Flexible discharge valve

Technical Field

The invention relates to a discharge valve with two side walls extending opposite one another in the flow direction, wherein the two side walls are arranged at the front end in the flow direction, form a discharge opening between one another at the rear end in the flow direction, are elastic, and at least one force-transmitting connecting plate is articulated between the inner sides of the two side walls in order to connect the two side walls according to the biomimetic fin principle.

Background

From the prior art, the so-called biomimetic fin effect is known, which is based on the fin principle of bony fish, which is bent in the opposite direction to the desired direction of pressure. This natural working principle has been used as a basis for and developed for various product technical structures. The basic principle here consists in that the two side walls are embodied elastically deformable and that a plurality of webs is usually arranged between the two side walls, so that forces acting on one of the two side walls are coupled in the other side wall. It is generally pressure-related, but is correspondingly applicable to tension. The effect here is that the two side walls can at least partially undergo deformation with respect to the force.

Against this background, an adjusting device for a motor vehicle seat is known from DE 102012017823B 4. The adjustment device has an adjustment component and an expansion body arranged in the adjustment component. The expansion body is arranged in such a way that it causes a displacement of the adjustment element by filling with a liquid, in particular air, or/and emptying. The adjustment member has a fin beam structure with transverse plates extending between fin beam sections connecting the fin beam sections. The adjustment component also has a support projection which is arranged only on the first fin beam section, wherein the expansion body is arranged between the support projection and the transverse plate.

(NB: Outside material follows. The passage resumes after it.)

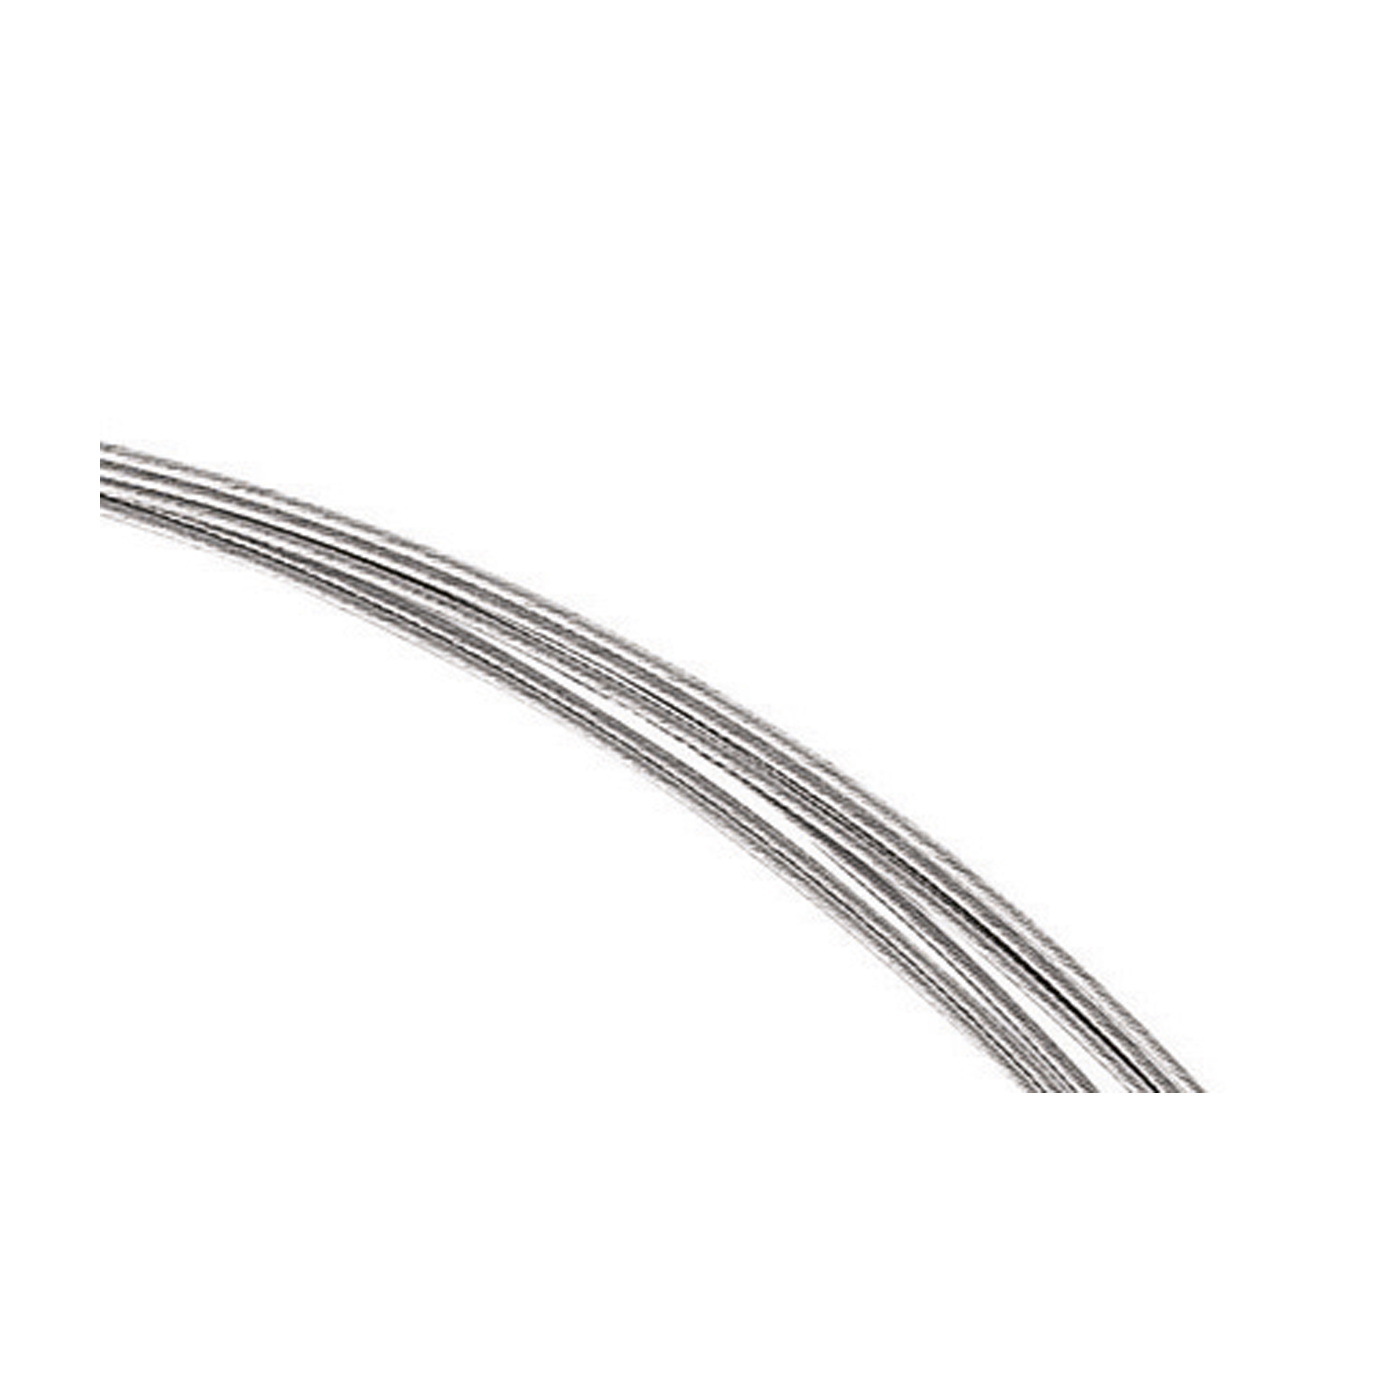 Steel Cable Neck Wire, 7-Strand, ø 0.3 mm, 42 cm - 1 piece

Furthermore, a door element is known from EP 2422034B 1, which is movable between a closed position, in which the door element extends over a door opening, so that the door element at least partially closes the door opening, and an open position, wherein at least a part of the door element is moved into an unlocked position with respect to the door opening. The door element comprises: a first flexible side element for transmitting a pulling force, the side element comprising a proximal end and a distal end; a second flexible side member for resisting compressive forces, the side member including a proximal end and a distal end, wherein the first and second side members are coupled to each other at the distal ends thereof; a plurality of connecting ribs flexibly coupled to the first and second side members for transferring a pulling force between the first and second side members; and an actuator for applying a longitudinal pulling force to the proximal end of the first lateral element, wherein a resulting deformation of the first lateral element by the second lateral element is transmitted via the connecting rib into a movement of the door element in the open position.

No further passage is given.